==== Recorded information
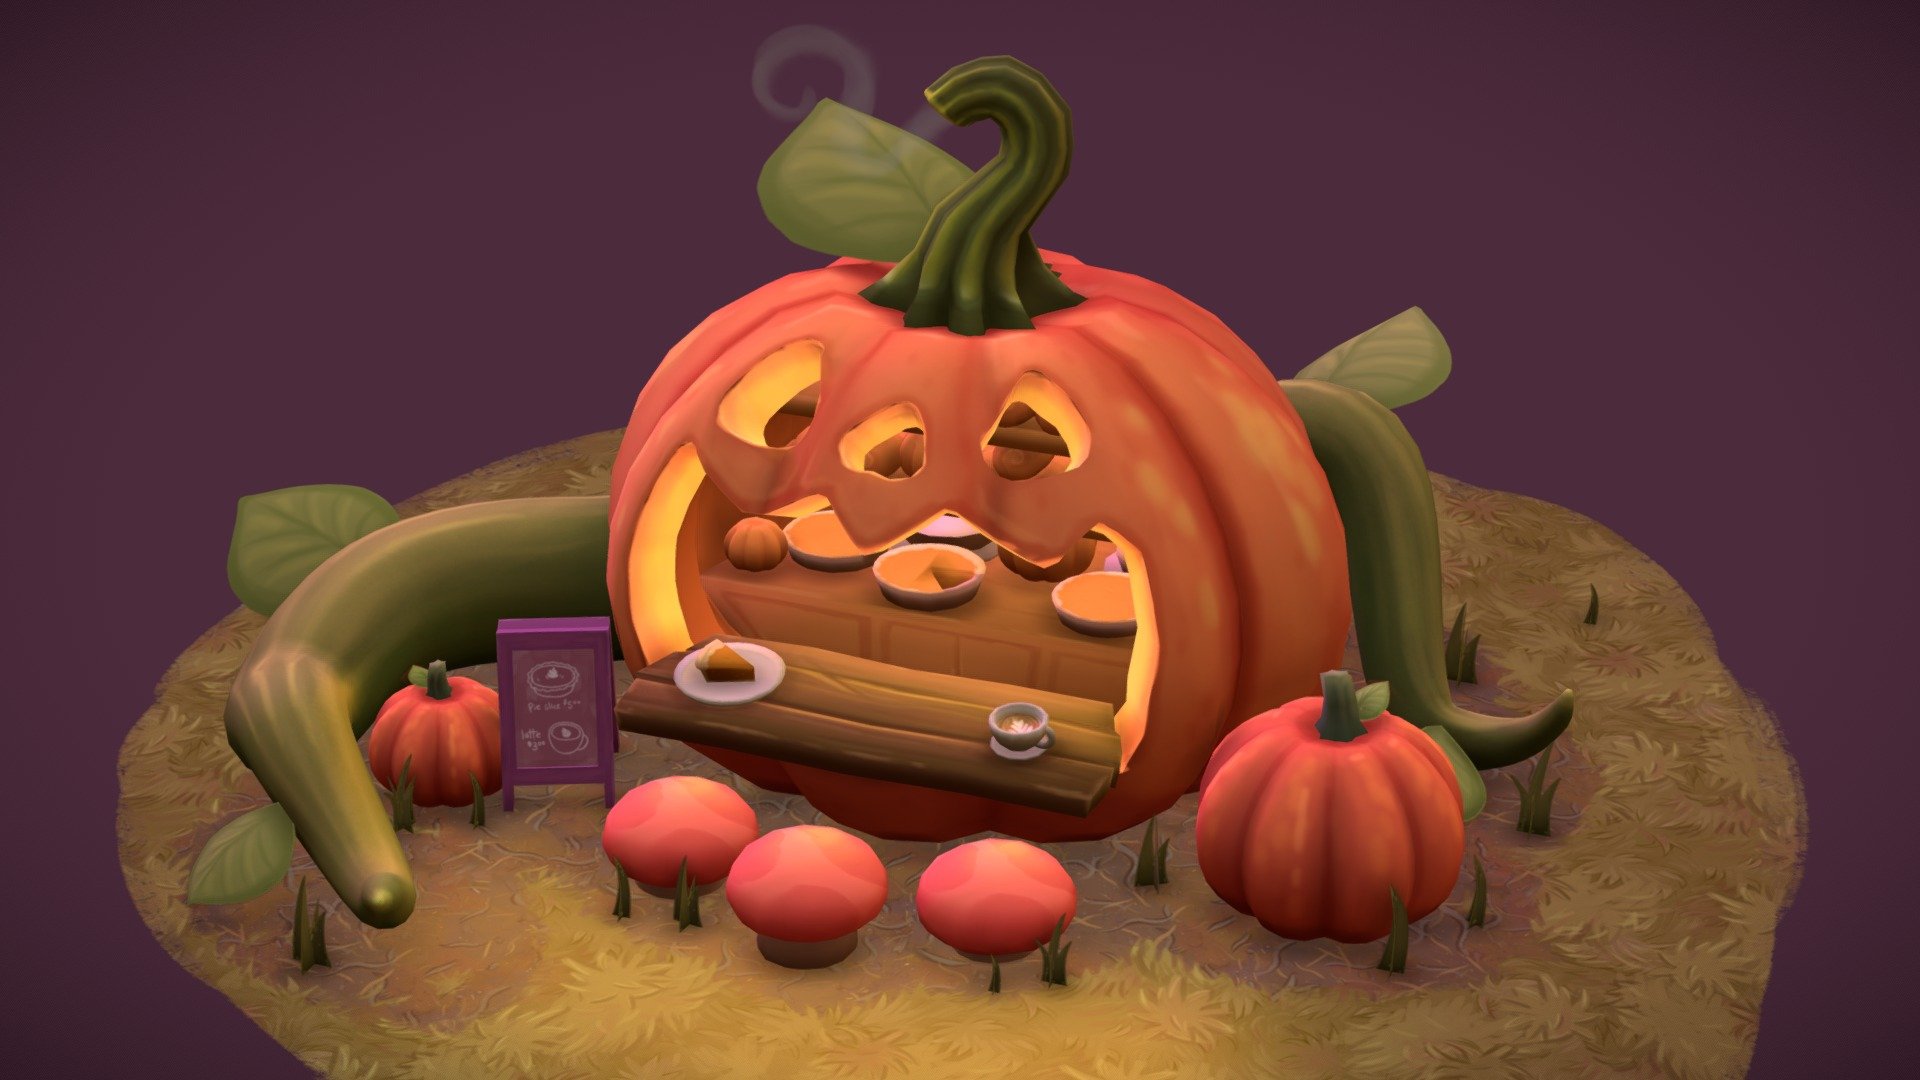 A pumpkin cafe I created for fall, based off an old 2D piece I created a few years ago. 

Big thank you to Ashleigh Warner for all her invaluable advice and feedback! - Pumpkin Cafe - 3D model by Gabby DaRienzo (@gabbydarienzo) 3d model
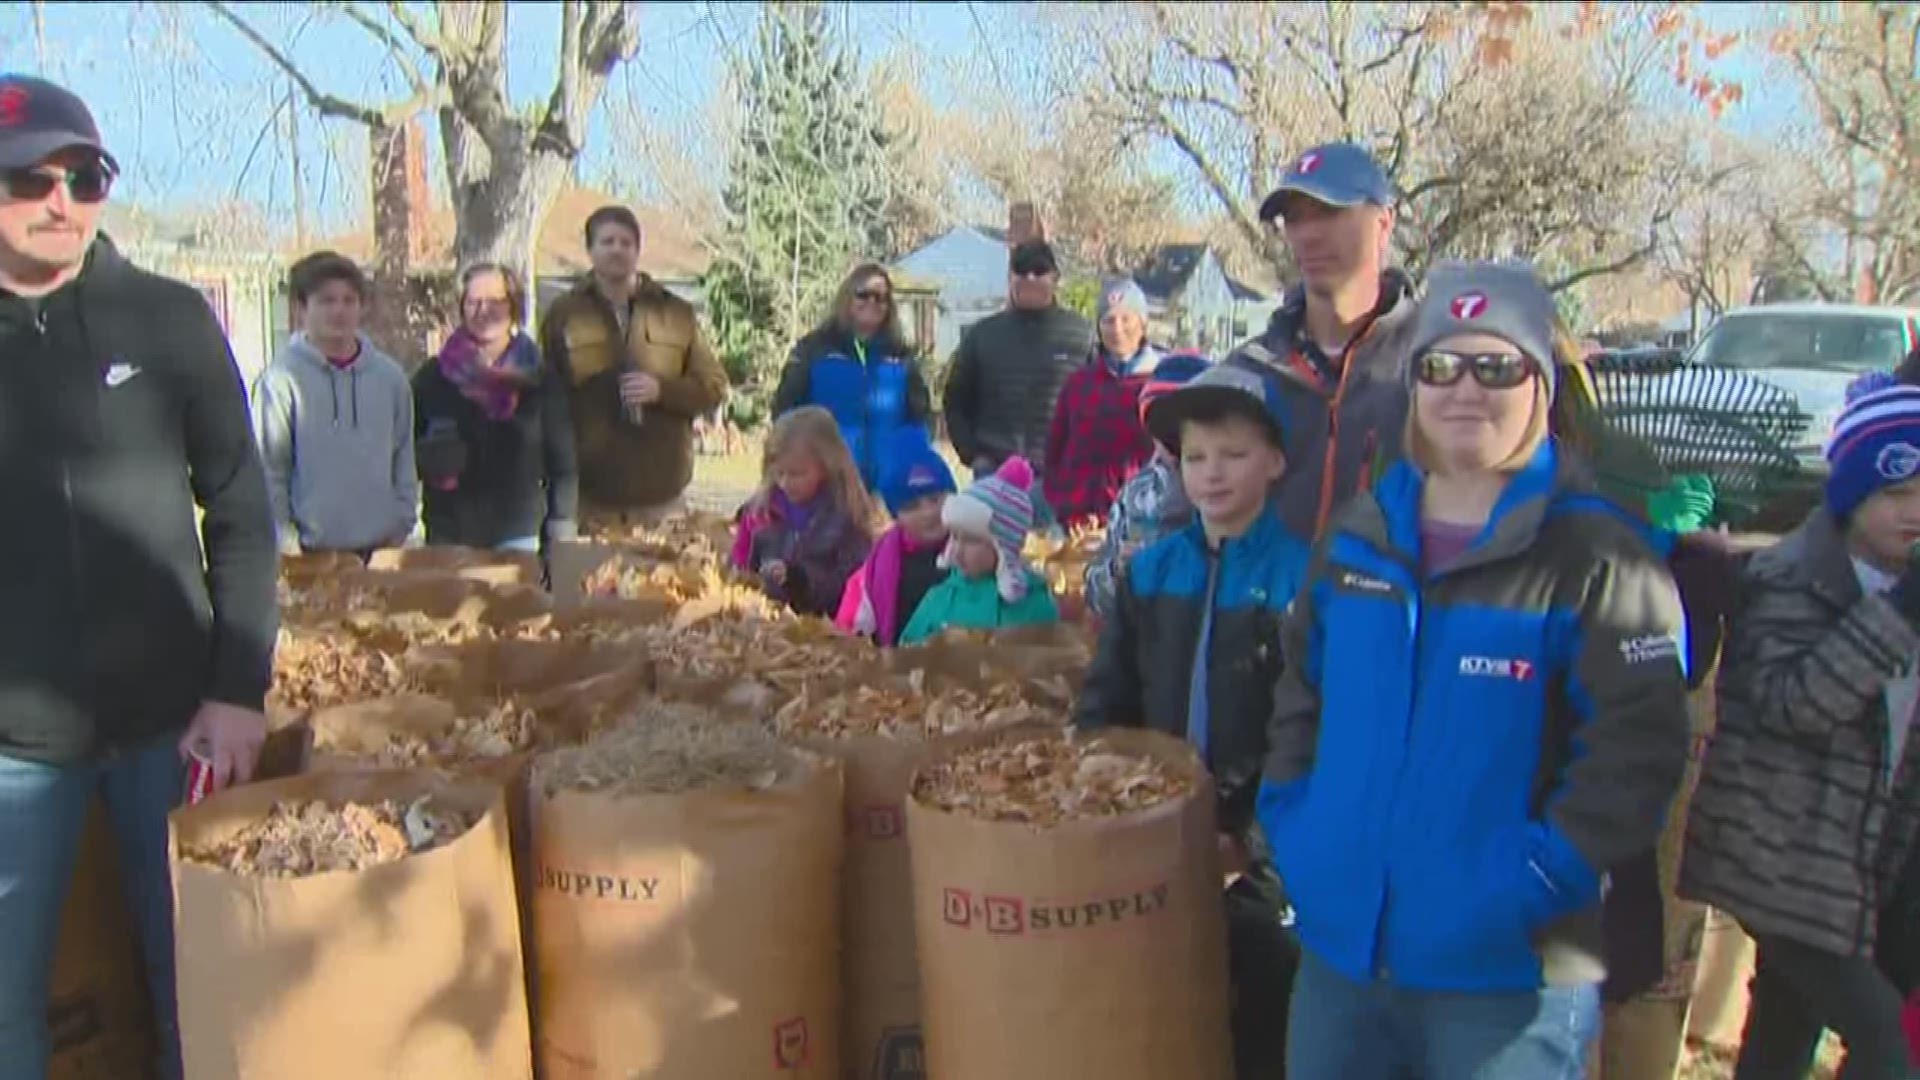 Over 7,000 volunteers came together to rake leaves around the Treasure Valley.
========
• Task prompt
I'd like the material repeated word for word, without the pictures it holds.

• Your response
 A pumpkin cafe I created for fall, based off an old 2D piece I created a few years ago. 

Big thank you to Ashleigh Warner for all her invaluable advice and feedback! - Pumpkin Cafe - 3D model by Gabby DaRienzo (@gabbydarienzo) 3d model
 Over 7,000 volunteers came together to rake leaves around the Treasure Valley.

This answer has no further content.